(Beginning of Given material)

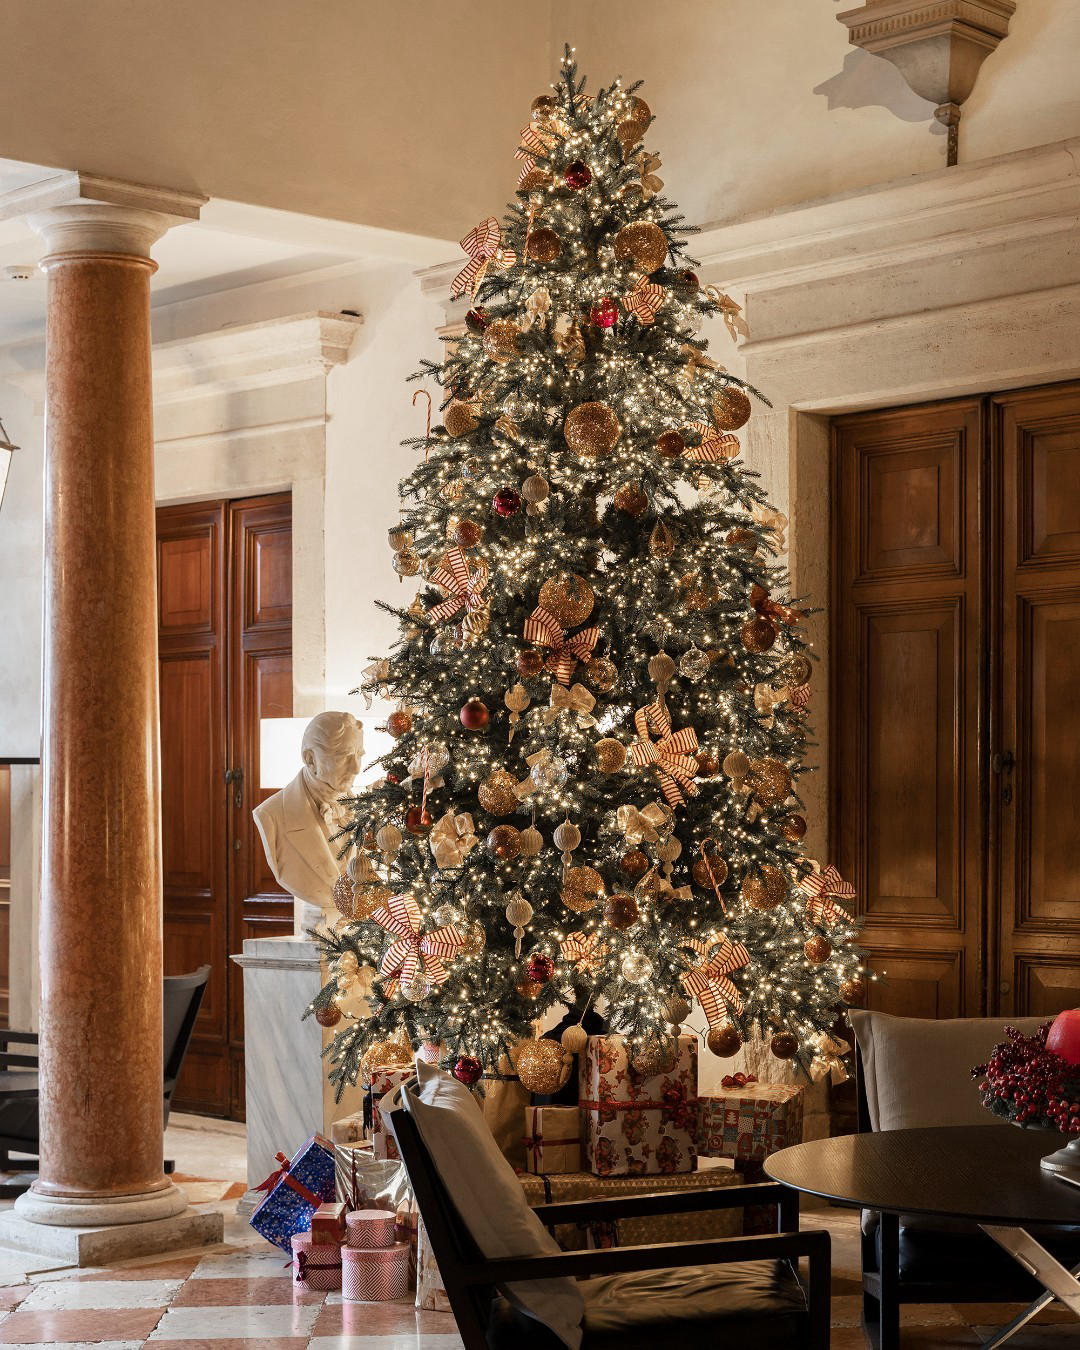 Aman Venice - Wishing all our guests and followers a happy, healthy and truly magical Christmas
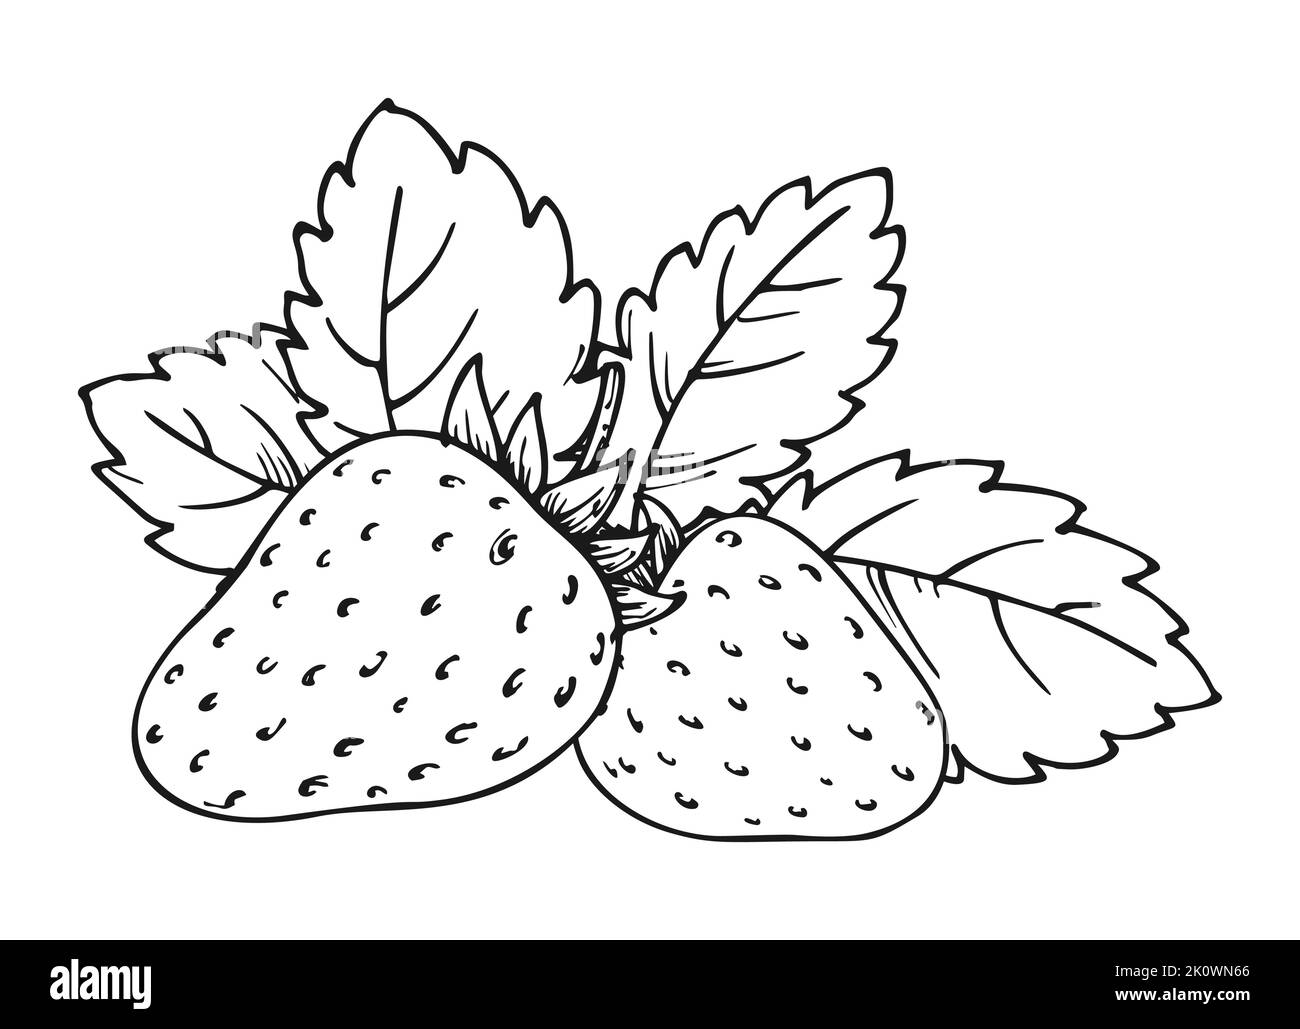 Strawberry bunch of two berries. Whole ripe wild forest berry with leaves. Tasty sweet fresh fruit. Children and adults coloring book page. Juicy strawberries handdrawn clip art black white sketch Stock Vector
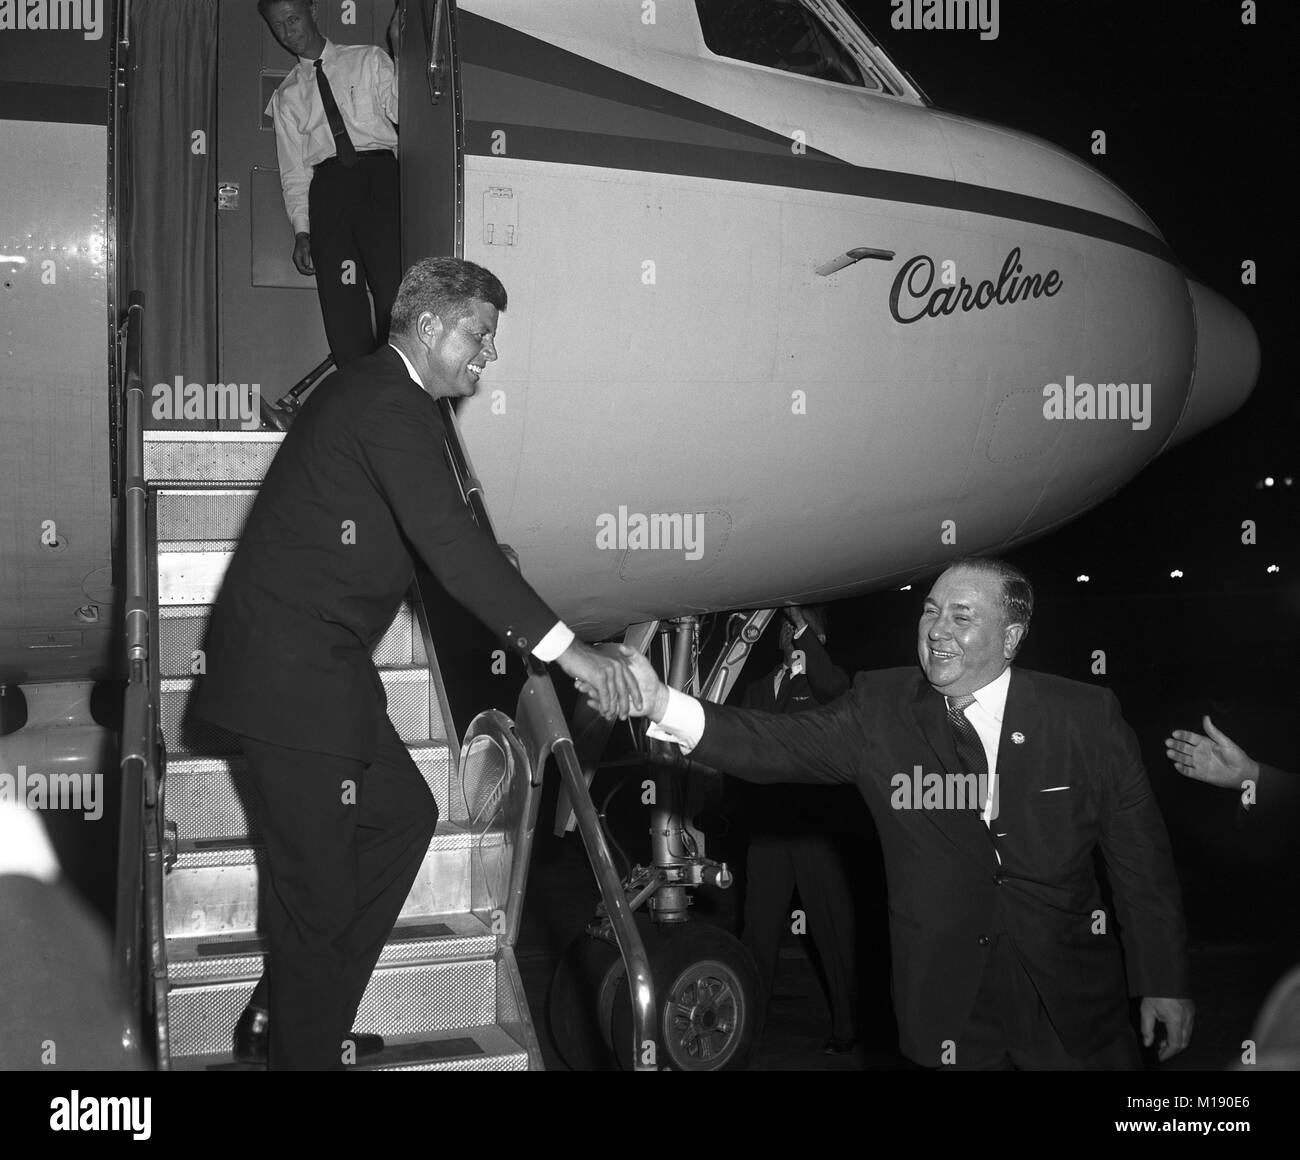 Senator John F. Kennedy leaving Chicago O’Hare airfield, says goodbye to Mayor Richard J. Daley, September 26, 1960. The Caroline was a 1948 Convair CV-240 aircraft purchased by Joseph Kennedy from American Airlines and was the first private aircraft used in a U.S. presidential campaign. Stock Photo
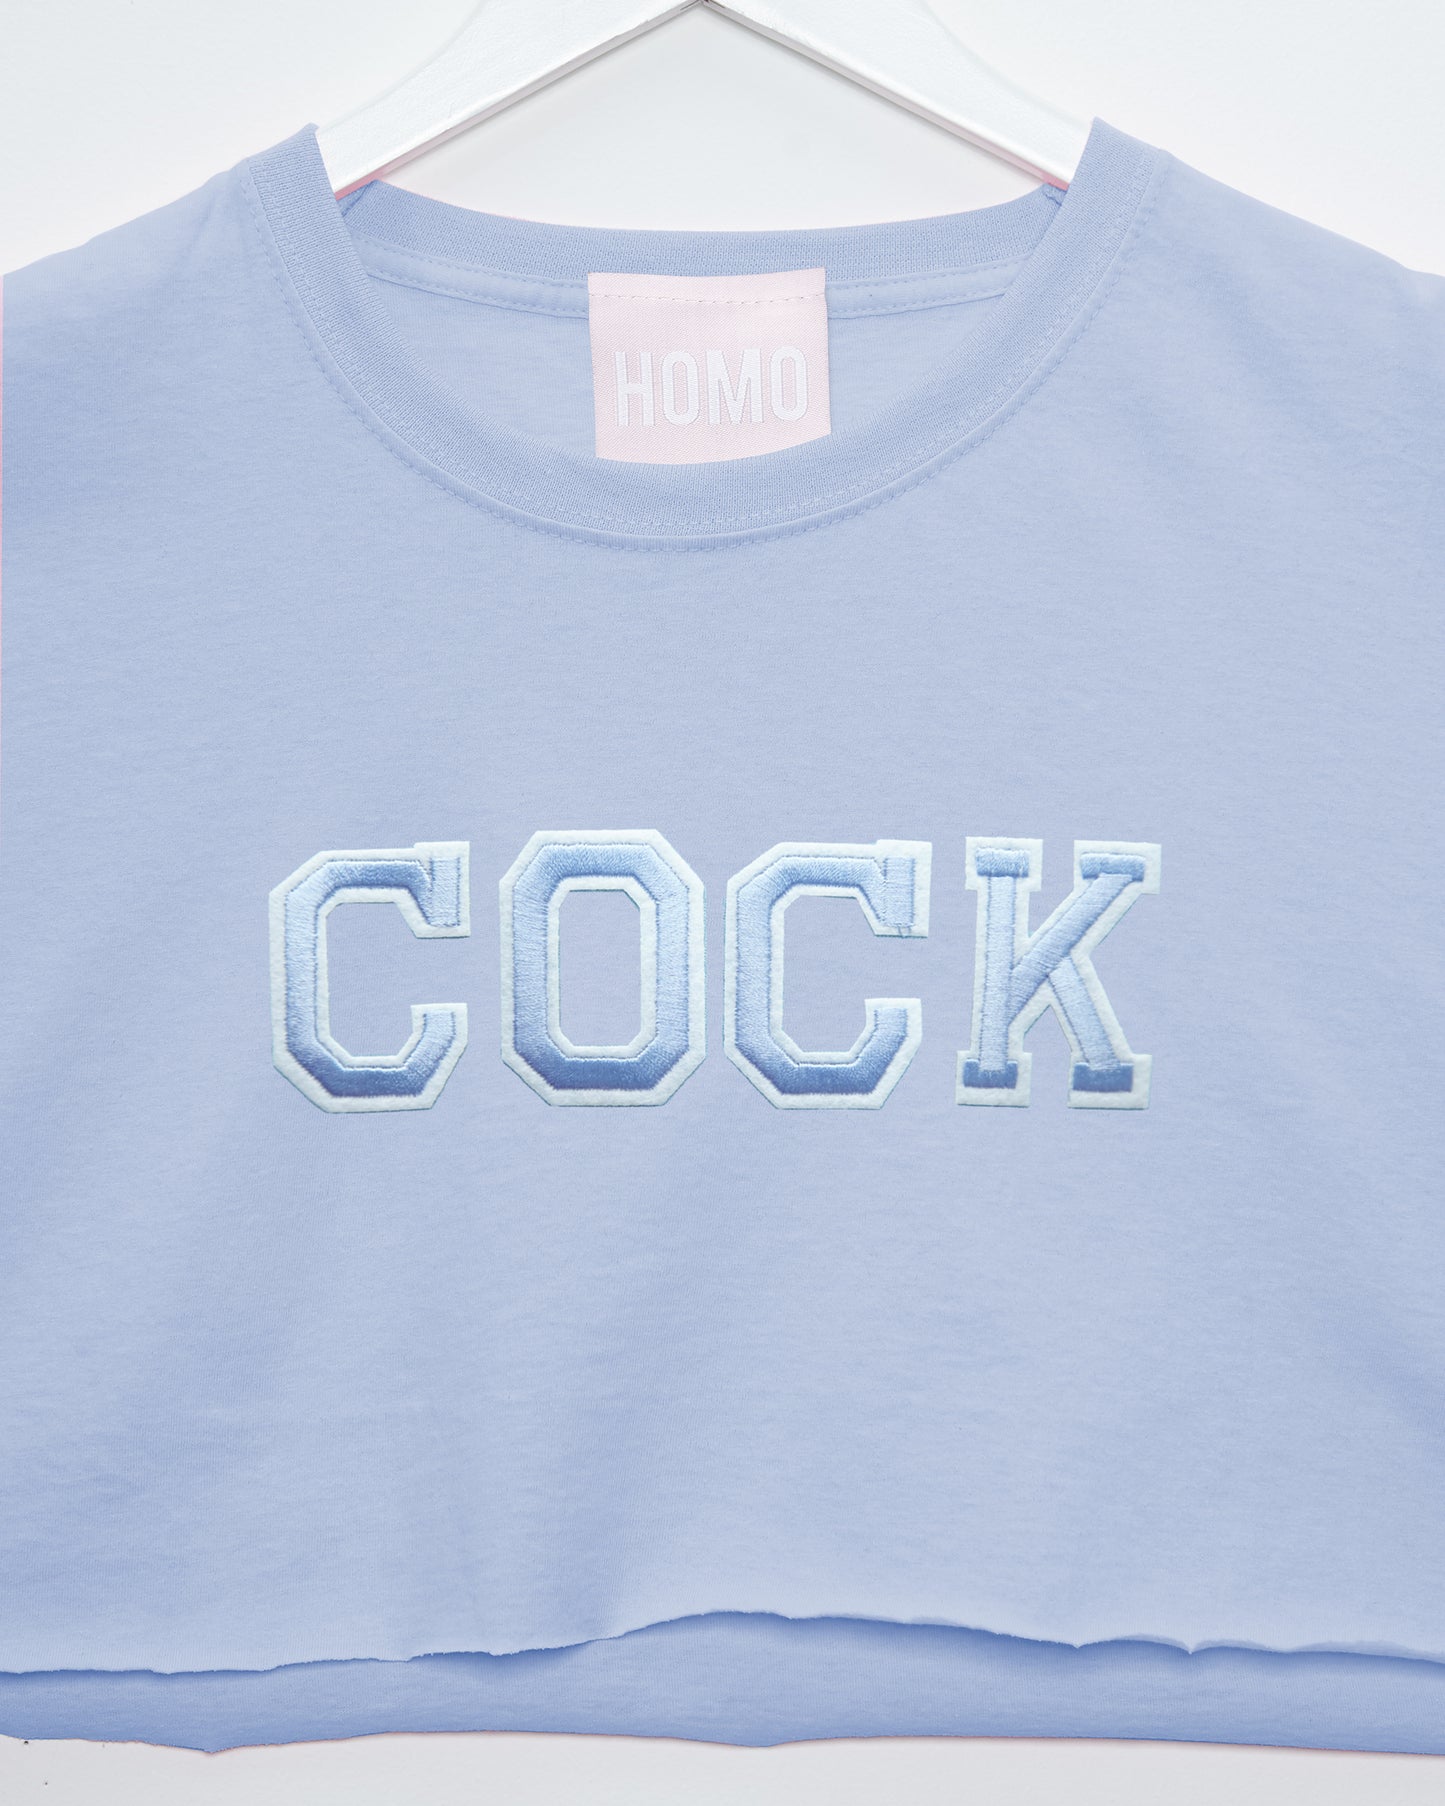 Varsity style cock embroidery on light blue - sleeveless crop top.

(End of Given material)

The problem:
Reproduce, word for word, every line from the one that contains "Strawberry bunch of" to the end of the data, including both ends; omit all pictures.

Your solution:
 Strawberry bunch of two berries. Whole ripe wild forest berry with leaves. Tasty sweet fresh fruit. Children and adults coloring book page. Juicy strawberries handdrawn clip art black white sketch Stock Vector
 Senator John F. Kennedy leaving Chicago O’Hare airfield, says goodbye to Mayor Richard J. Daley, September 26, 1960. The Caroline was a 1948 Convair CV-240 aircraft purchased by Joseph Kennedy from American Airlines and was the first private aircraft used in a U.S. presidential campaign. Stock Photo
 Varsity style cock embroidery on light blue - sleeveless crop top.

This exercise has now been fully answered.